First turn on the hidden characters by navigating to Home > Paragraph > toggle the show/hide Paragraph symbol. Also, select all and toggle the field codes on (right-click and select "Toggle Field Codes".
Open a new blank Word doc in addition to the one you have open. You will use this later. Start the macro recording and find the field using the "^d" (field code) as you said.
When the field is found, copy only the field text within the brackets, and not the full field reference. While the macro is still recording, ALT + TAB to the new blank document and paste the field code in as plain text.
At this point, do the necessary find & replace processing to the field codes. Highlight the processed field codes, copy, ALT + TAB back to the original document, and paste back between the { } brackets.
Stop the macro recording. Add any further custom processing to the macro VBA.
Select-All and re-toggle the field codes. Update the field codes.
You don't need a macro. Just toggle all field codes on by using Alt+F9. Then do a find and replace for what you want to change. Once the replacement is complete, use Alt+F9 again to toggle the field codes back off.
Disclaimer: I didn't originate this solution, but it's clean and elegant and I thought it should be included here:
(Adapted from Search & Replace Field Codes in Word):
Create or find a single instance of the field you want to convert text to
Toggle Field Codes visible (AltF9)
Copy the code for the field you want to use to the Clipboard (highlight and CtrlC)
Open the Replace dialog box (CtrlH), insert the text you want to replace in the Find What box and then enter ^c in the Replace With box.
This will replace your text with the contents of the Clipboard, turning it into the field code you copied in step 3. It also copies formatting information (font, color, etc.), to control how the field will appear when hidden. (Caveat: I've tested this with Word 2003 under Windows 7 only.)
Coming in late on this, probably way too late for Beth (sorry Beth).
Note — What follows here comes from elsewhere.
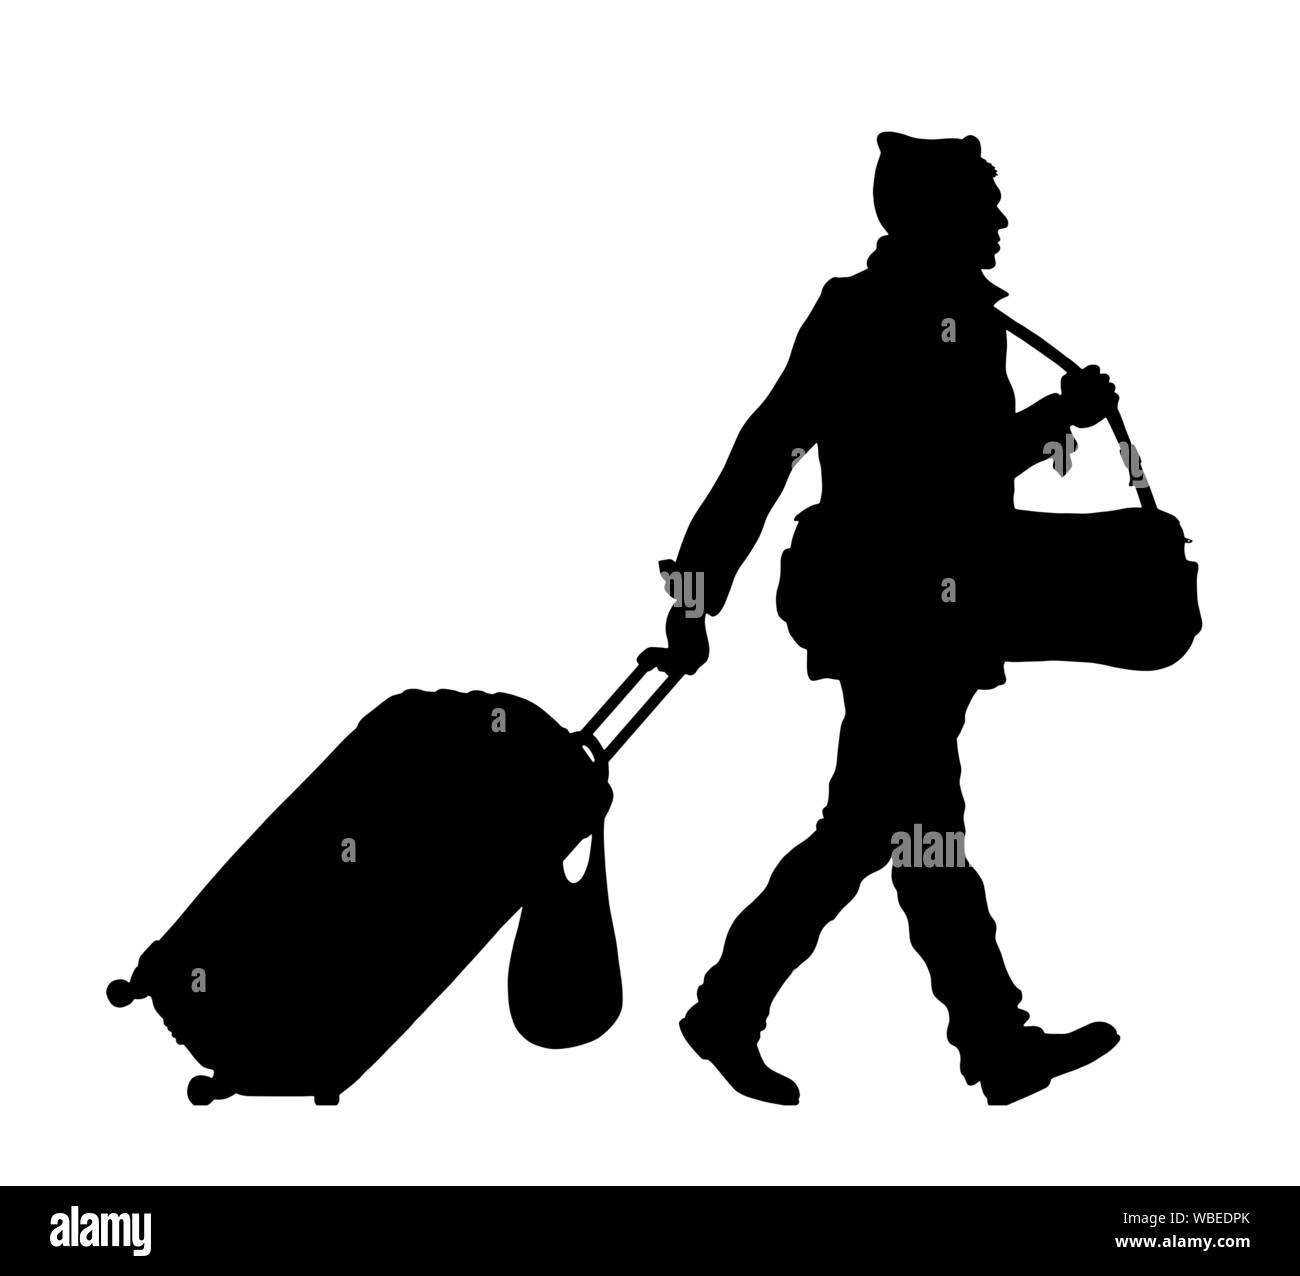 Refugee man silhouette with wheeled bag and valise. The silhouette objects and background are in different layers. Stock Vector

And this may not be quite what Beth was looking for. But for anyone interested ...
It sounds like Beth may have created captions throughout the document using INSERT CAPTION (hence the presence of field codes). This means these captions will have been (automatically) created in CAPTION style.
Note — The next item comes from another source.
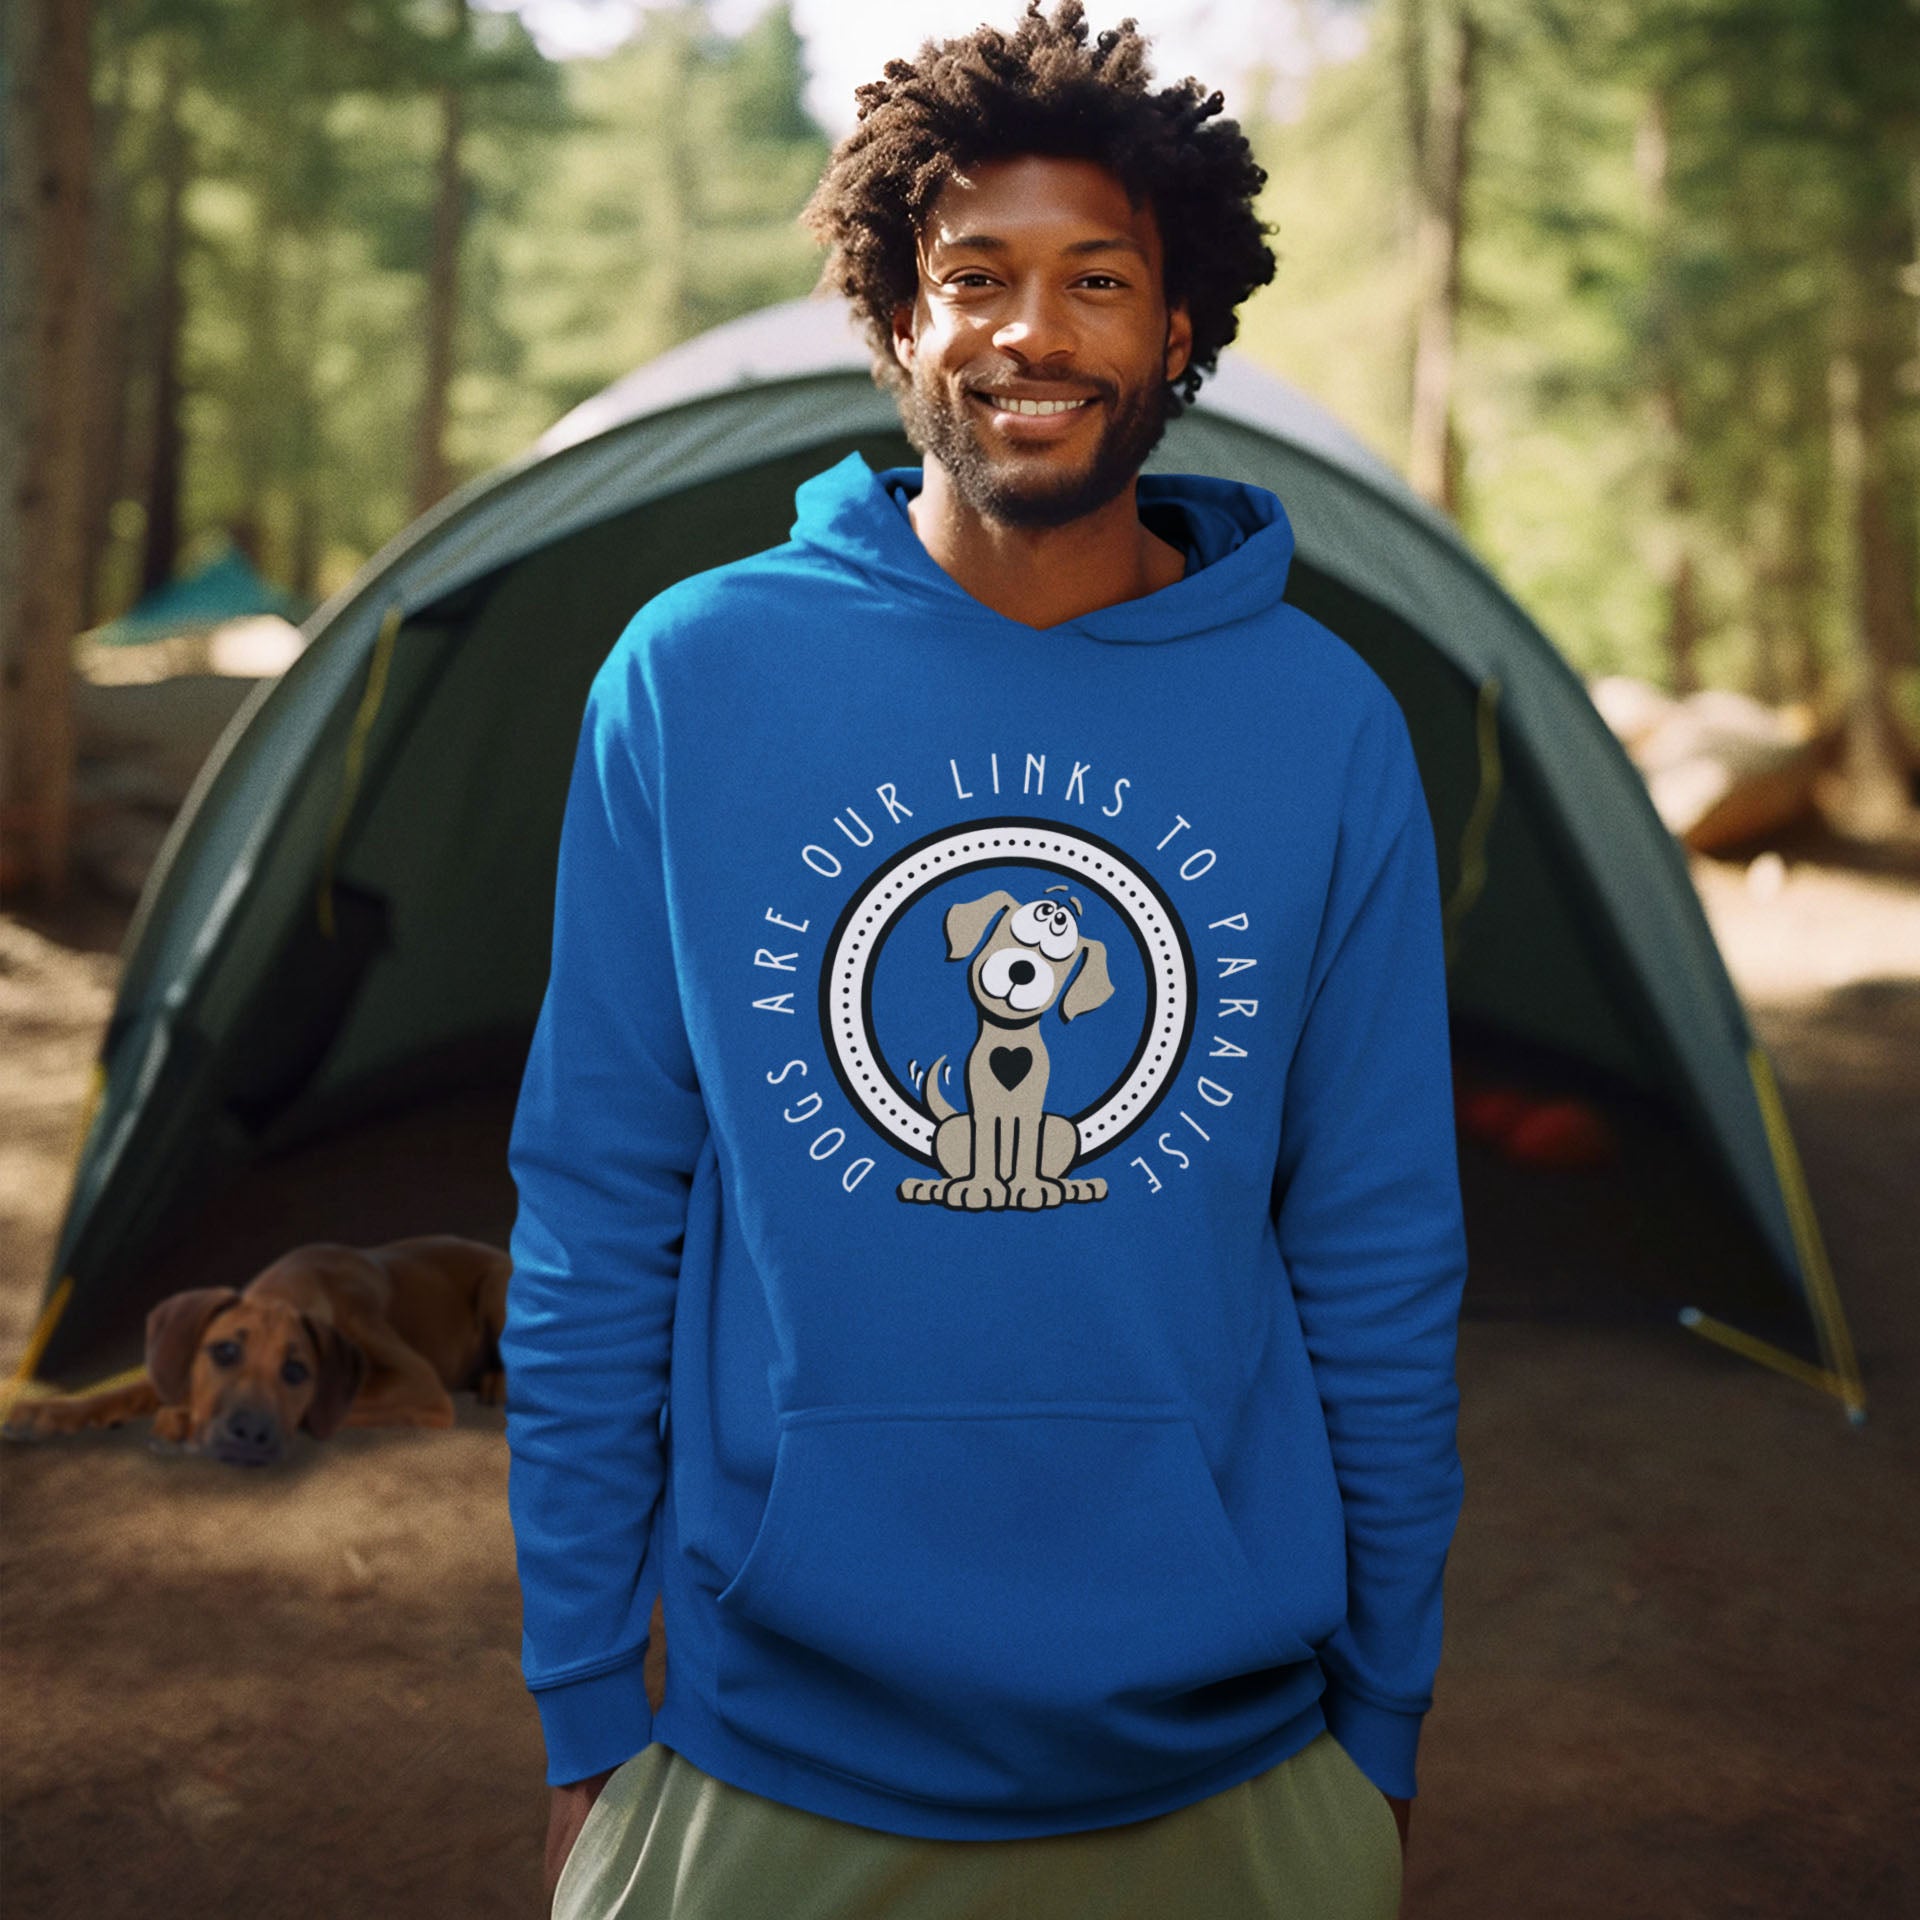  A man, donning a royal blue 'Dogs are Paradise' hoodie by Dogs Pure Love, stands with a smile, hands casually tucked in his pockets. In the background, his dog rests partially inside a tent in a forest setting.

To globally replace the separator "." with " " (space) in such captions, take two steps:
[1] Go to REFERENCES | INSERT CAPTION, then click on NUMBERING and replace the SEPARATOR "." with "EM-DASH". This will replace all separators in captions for the selected label in the CAPTION Window. If you have other labels in use in the document (e.g. FIGURE), select the other labels one by one and repeat this process.
[2] Do a find/replace searching for special character "em-dash" (^+) in style CAPTION, replacing with " ". Click REPLACE ALL.
Voila!
NOTE: This presumes that em-dash does not appear in the caption text anywhere. If it does, then you'll need to do a pre- and post- "fiddle" to ensure these em-dashes are not touched by the global replace above.
The "pre-fiddle" is to do a global find/replace across captions, replacing the em-dash ("^+") with some other string (e.g. "EM-DASH") that doesn't ever occur in any caption's text. Then you do the separator change as described above. Finally, the "post-fiddle" is to restore the em-dashes that were in the captions, by doing a global replace of the string "EM-DASH" with the actual em-dash character "^+".